I want to retrieve a table from the URL of https://s.cafef.vn/screener.aspx#data using VBA. This task is difficult because the table contains JSON data embedded in an html file.
Taking #Tomalak ‘s advice, I am trying to split up my task; solving four following individual problems one after another:
Send an HTTP request to have the HTML
Locate the JSON string
Parse JSON with VBA and then
Loop over the raw data from the JSON and write into an Excel table.
Extract a JSON DATA table in html using VBA; converting Apps Script into VBA
However, I get stuck at Step 2, the response text that I get is stored in htmlTEXT. Its print-out looks like below attached, but the problem is as a string variable, htmlTEXT can hold up only a small part of the html page content. The JSON paragraph does not lie on the top part of the html page and is therefore not returned into htmlTEXT.
My questions are:
How can we get the whole content of the html page (with the JSON paragraph included)?

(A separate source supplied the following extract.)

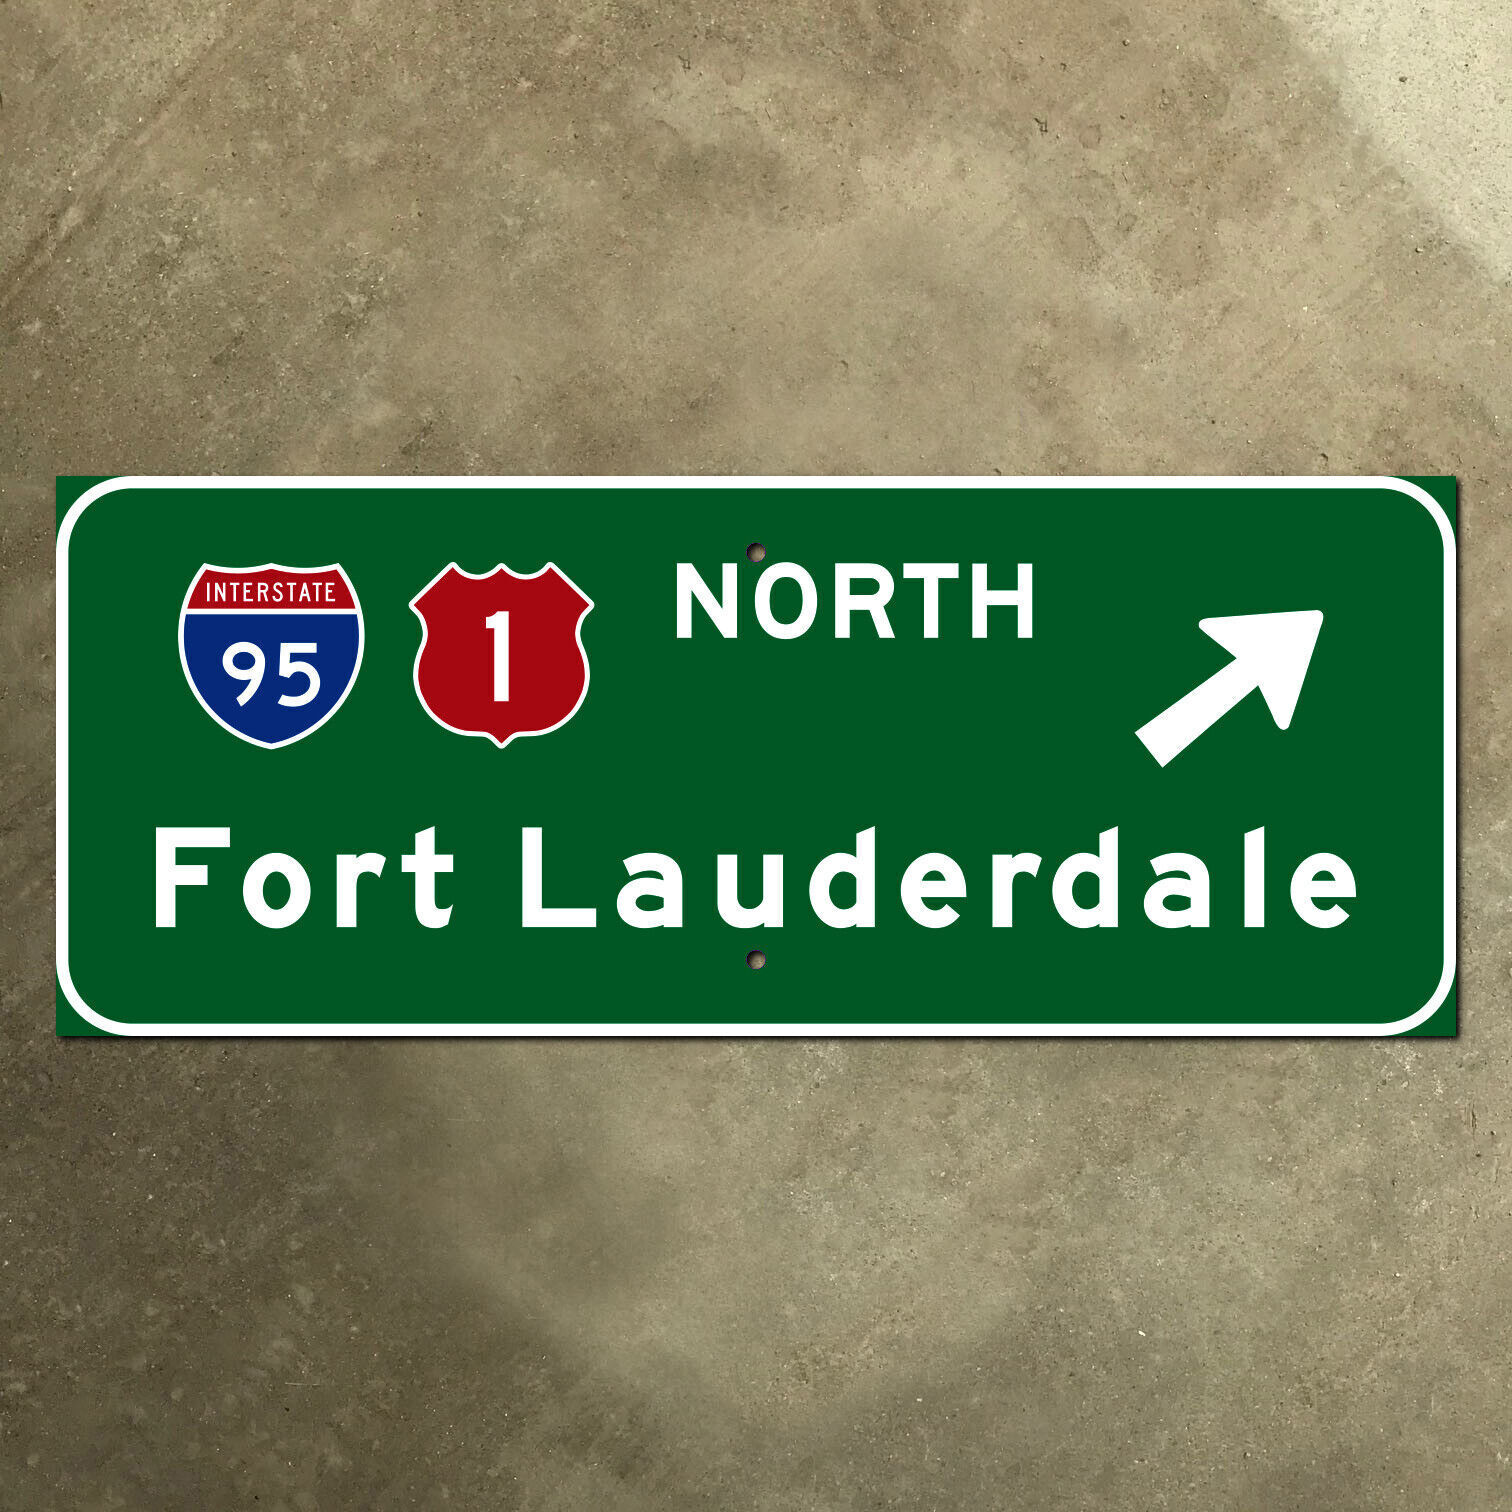 Florida interstate 95 US 1 Fort Lauderdale highway road guide sign 1957 Ft 18x7

Once the JSON paragraph is captured, what Regular Expression can be used to extract the JSON paragraph ?
Noticing that the JSON paragraph starts with [{ and ends with }], I therefore use the pattern [{*}] but it does not work at all, (though it works with pattern like (D.C); resulting in DOC for my testing purpose)

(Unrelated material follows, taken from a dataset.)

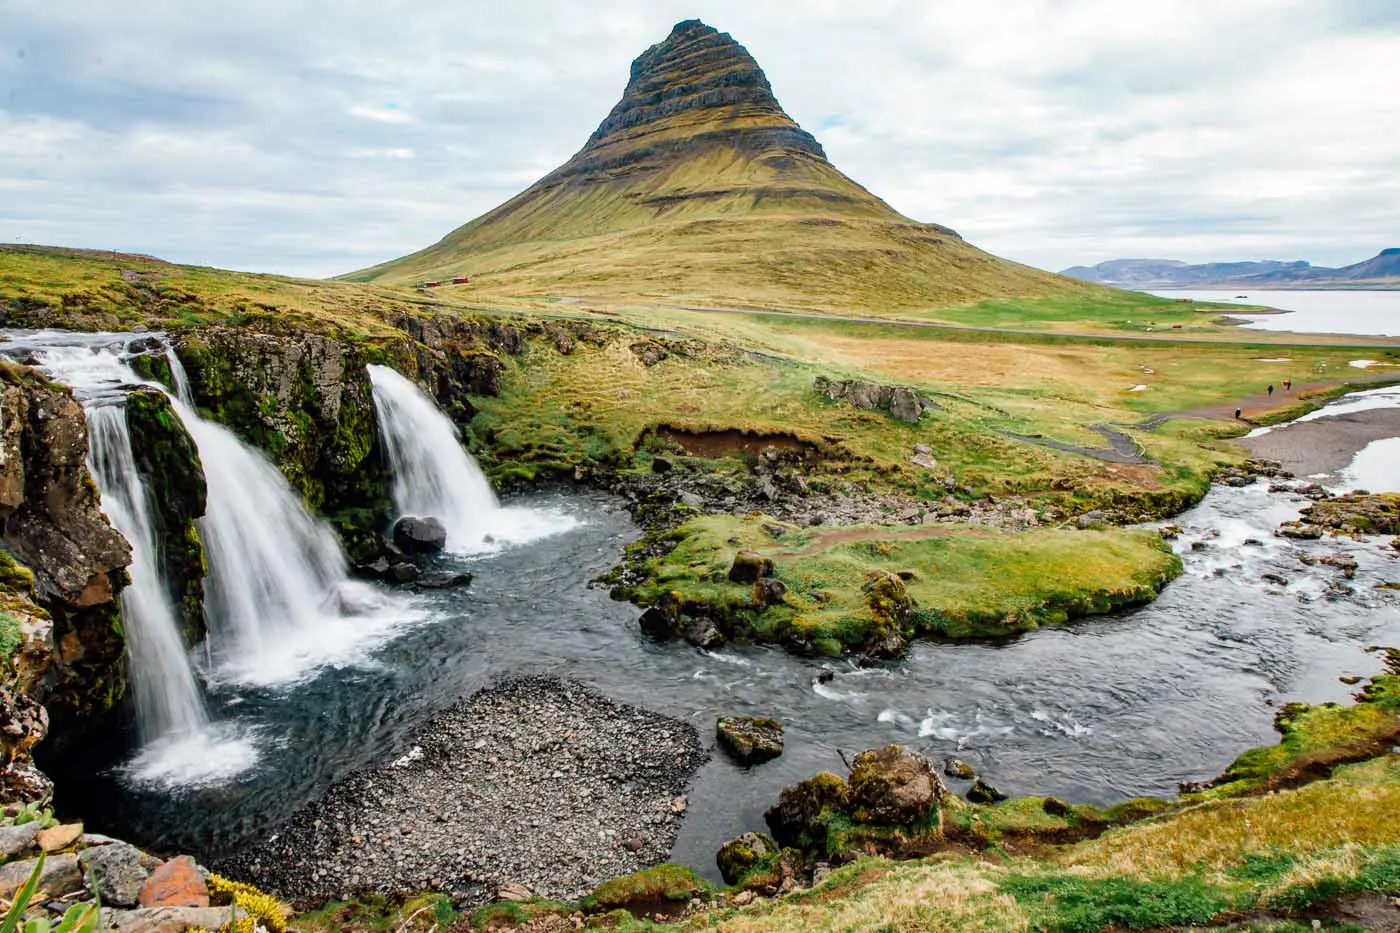 The three Kirkjufellsfoss waterfalls with the Kirkjufell mountain in the background

What is wrong with my code?
Sub ExtractJSON_in_html()
' =====send an HTTP request with VBA ====
Dim JSONtext As String
Dim htmlTEXT As String
Dim SDI As Object
Set objHTTP = CreateObject("MSXML2.XMLHTTP")
Url = "https://s.cafef.vn/screener.aspx#data"
objHTTP.Open "GET", Url, False
objHTTP.send
htmlTEXT = objHTTP.responsetext
MsgBox htmlTEXT
' ===== Locate the JSON string =======
Set SDI = CreateObject("VBScript.RegExp")
SDI.IgnoreCase = True
SDI.Pattern = "[{*}]"
SDI.Global = True
Set theMatches = SDI.Execute(htmlTEXT)
For Each Match In theMatches
'MsgBox Match.Value
JSONtext = Match.Value
Next
End Sub
htmlTEXT:
<!DOCTYPE html PUBLIC "-//W3C//DTD XHTML 1.0 Strict//EN" "http://www.w3.org/TR/xhtml1/DTD/xhtml1-strict.dtd">
<html xmlns="http://www.w3.org/1999/xhtml">
<head>
<meta http-equiv="Content-Type" content="text/html; charset=iso-8859-1"/>
-- JASON Paragraph var jsonData = [{"Url":"http://s.cafef.vn/upcom/A32-cong-ty-co-phan-32.chn","CenterName":"UpCom","Symbol":"A32","TradeCenterID":9,"ChangePrice":0,"VonHoa":212.84,"ChangeVolume":400,"EPS":6.19220987764706,"PE":5.0547382305287,"Beta":0,"Price":0,"UpdatedDate":"\/Date(1625562652463)\/","FullName":"Công ty cổ phần 32","ParentCategoryId":0
{"Url":"http://s.cafef.vn/upcom/YTC-cong-ty-co-phan-xuat-nhap-khau-y-te-thanh-pho-ho-chi-minh.chn","CenterName":"UpCom","Symbol":"YTC","TradeCenterID":9,"ChangePrice":0,"VonHoa":170.8,"ChangeVolume":200,"EPS":-4.29038514857143,"PE":-14.217837766922,"Beta":0,"Price":0,"UpdatedDate":"\/Date(1625562969277)\/","FullName":"Công ty Cổ phần Xuất nhập khẩu Y tế Thành phố Hồ Chí Minh","ParentCategoryId":0}];
This will return the JSON string as a Dictionary object for you to work through:
You will need JsonConverter (and reference to Microsoft Scripting Runtime for Dictionary object)
Private Sub Test()
Dim xmlhttp As Object
Set xmlhttp = CreateObject("MSXML2.XMLHTTP")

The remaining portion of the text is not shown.